Abstract
The National Health Service (NHS) in England provides funding for social prescribing to address the social determinants of ill-health. This paper describes a case study of how one general practice serving a disadvantaged population transitioned to Focused Care, a more intensive form of social prescribing, to increase engagement and improve outcomes. Characteristics of service users and their presenting problems, rates of engagement, resource implications of the service and potential benefits are discussed.
Keywords
Background
First popularised in the United Kingdom (UK), social prescribing is now adopted in many countries worldwide as a means by which community-based health professionals, including family medicine doctors or general practitioners, can address the individual social needs of their patients.1,2 Often called ‘community referral’ or ‘linkage schemes’, social prescribing enables health professionals to refer patients to advisers (variously called link workers, navigators or care coordinators) for an assessment of their needs and agreement of a co-produced goal-led care plan that either involves signposting or introducing clients to suitable agencies in the community (the ‘delivery arm’) with potential to provide appropriate advice and support.3 -5 Social prescribing aligns with the bio-psycho-social model of health; its theoretical principles are grounded in self-identity, resilience, motivation and coping with complex issues. 6
Social prescribing seeks to address ‘the causes of the causes of ill-health’ as emphasised by the Marmot report in 2012 which brought empirical clarity to the relationship between inequalities in wider social, economic and environmental factors and inequalities in health outcomes in England. 7 Over the ensuing few years, a heterogeneous array of social prescribing schemes were introduced which local evaluative studies (albeit often weak methodologically) generally reported to have favourable effects on wellbeing. 8 The concept gathered significant momentum and interest amongst policy makers such that the Long-Term Plan for the National Health Service in 2019 provided for social prescribing link workers to be introduced universally across England through dedicated central funding for Primary Care Networks (groupings of general practices providing primary medical services to between 30 000 and 50 000 people). 9
This paper describes the evolution of social prescribing in a large general practice serving a disadvantaged population in the south of England.

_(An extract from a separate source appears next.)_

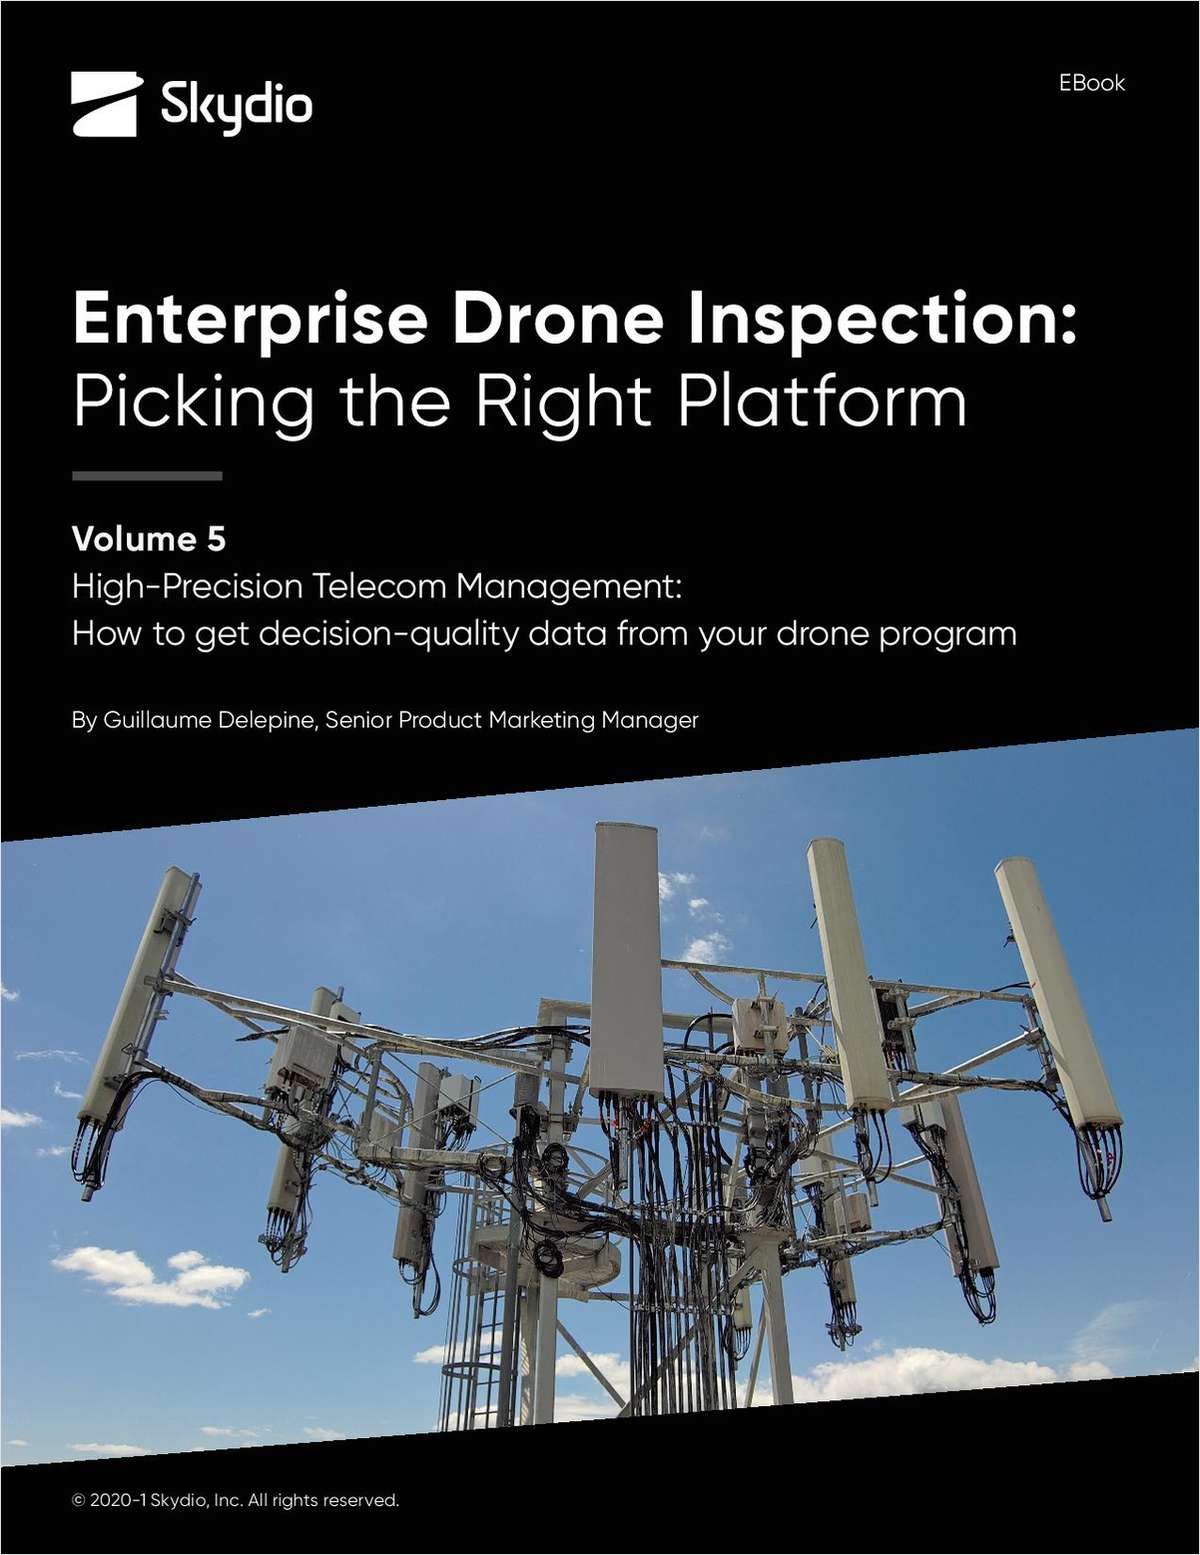 High-Precision Telecom Management: How to Get Decision-Quality Data From Your Drone Program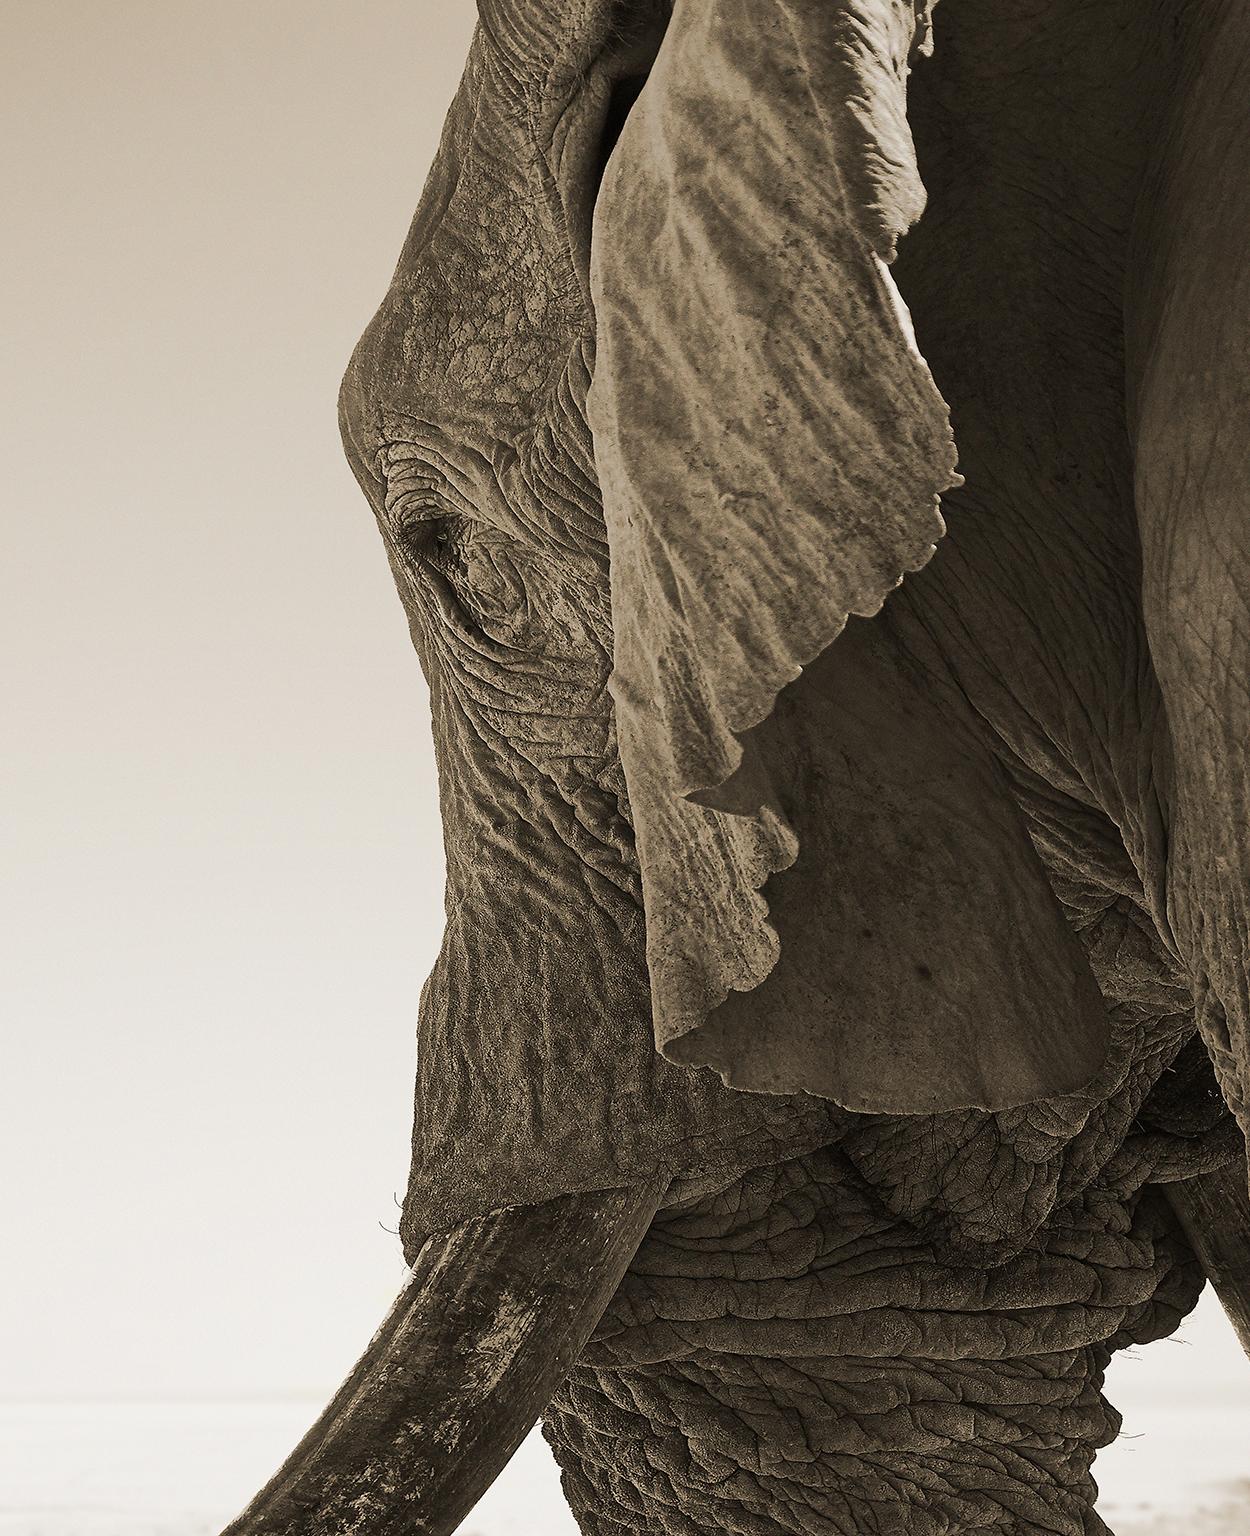 Elephant-02, Namibia - Photograph by Chris Gordaneer

The practice included localities that are in the top 2% most deprived in England. People living in this area struggle with issues such as substandard housing, food insecurity, unemployment and poor literacy. Over 60% of patients registered with the practice live with at least one long-term condition. The prevalence of COPD, learning disabilities and mental health conditions is more than double the national average.
Social Prescribing and Focused Care in a ‘Deep End’ practice
Prior to the national initiative, the study practice offered a social prescribing service that was funded through local commissioning. A Social Prescribing Link Worker and a Health Engagement Worker collaboratively ran the service alongside the regular clinical and administrative staff that included a mental health worker, a community pharmacist and a community projects manager. Social prescribing was a whole team effort and normalised in the daily work of the practice 10 ; reception staff were trained in active signposting (e.g. to local food banks) whilst doctors, nurses, therapists and healthcare assistants could make direct social prescriptions to community support activities (e.g. exercise classes) when delivering care for chronic conditions.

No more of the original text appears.